For the lawyerly technicians out there, this reductio ad absurdum is important. The reality is that no rational drafter would write a rule barring the president from being elected more than twice, specifically close one loophole where someone might try to use finishing out someone else’s terms as a way around the two-term limit, and yet intentionally leave a loophole that achieves the same result in the opposite order. Either they wanted to let people do an end-run around the two-term limitation by taking the job from the vice presidency or they didn’t—and the overwhelming evidence from the actual text is that they didn’t.
Vice Signalling
The simple fact is that the Constitution’s framers were not at their best when it came to specifying the role of the vice president and with the issue of presidential succession. How can we tell? So far it’s taken three amendments—the 12th, 22nd, and 25th—to clean up the mess. The 12th corrected the ridiculous situation where the president and vice president could be political opponents, and the 25th corrected the ridiculous situation where the president could become temporarily incapacitated without any clear authority for the vice president to step into the role.

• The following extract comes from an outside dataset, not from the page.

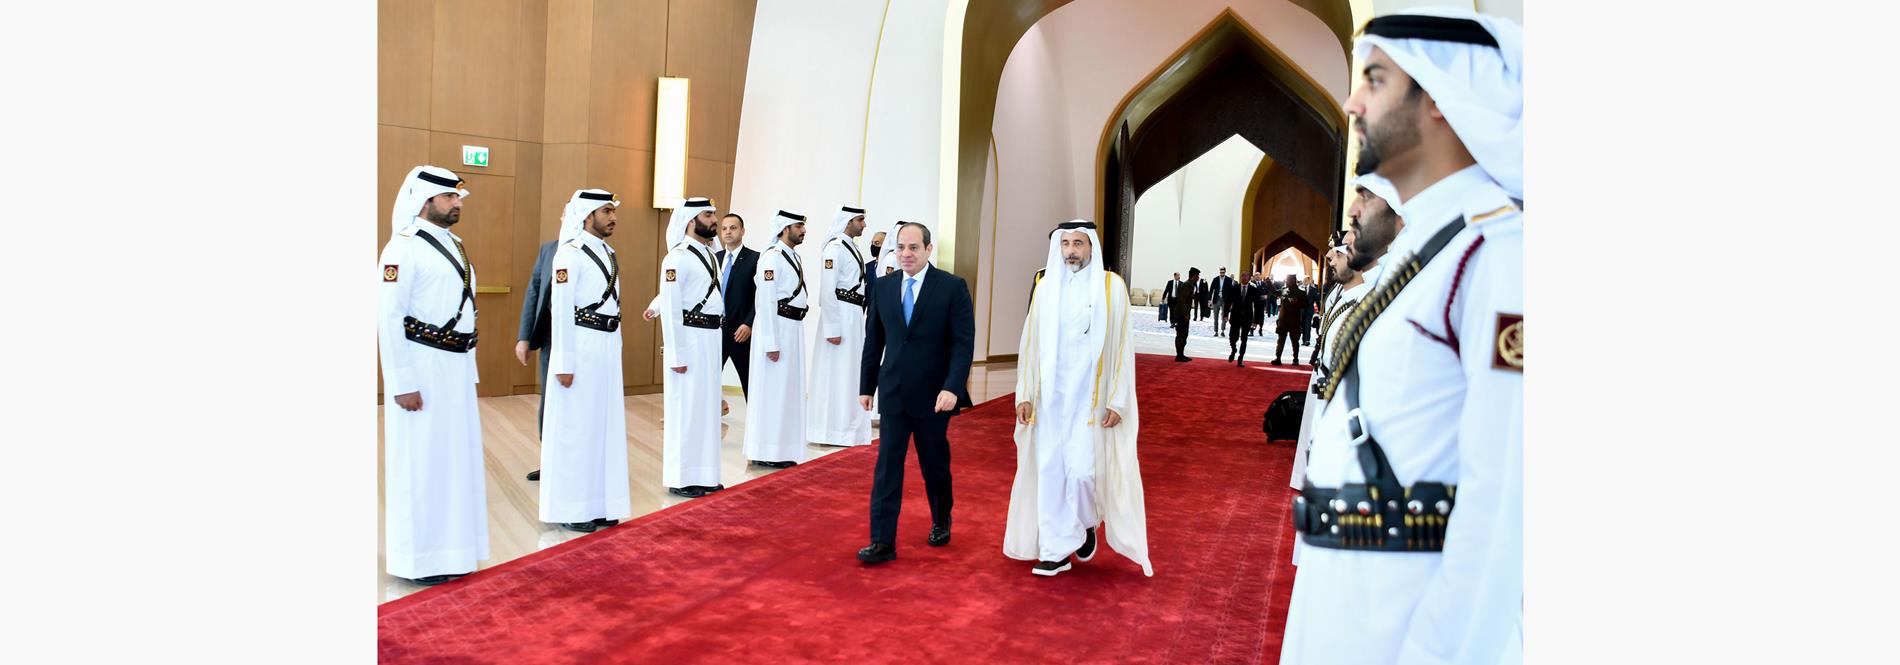 الرئيس عبد الفتاح السيسي يغادر العاصمة القطرية عقب المشاركة في فعاليات افتتاح كأس العالم لكرة القدم  21/11/2022

But there remain obvious drafting errors plaguing the vice presidency. Here’s another instance: Ordinarily the vice president, as president of the Senate, presides over all of the Senate’s business. This includes impeachment trials. The Constitution specifically provides that when the president is tried, the Chief Justice presides. That’s obvious good sense: We don’t want the vice president presiding over the president’s trial since the incentives are all wrong (oddly, in both directions—a loyal vice president would want to protect the boss, while an ambitious one would want to get rid of him or her and take the job). But the Constitution says nothing about who presides over an impeachment trial for a vice president. Are we to suppose that the vice president gets to preside over his or her own trial? Have we found another loophole? Or are we willing to accept the obviously correct conclusion that the Constitution’s drafters did not intend for the sitting vice president to conduct his or her own impeachment trial?
In an ideal world, we’d have another constitutional amendment fixing the aforementioned glitches in the specifications for the vice presidency. In our actual world, we don’t need to read it to create a bunch of surprise loopholes in otherwise clear constitutional rules. That includes the term limits on the presidency.
If you’re still tempted to accept the loophole after this argument, then please forward this article to Barack Obama and let him know that I’ll be happy to have him as my running mate in 2028.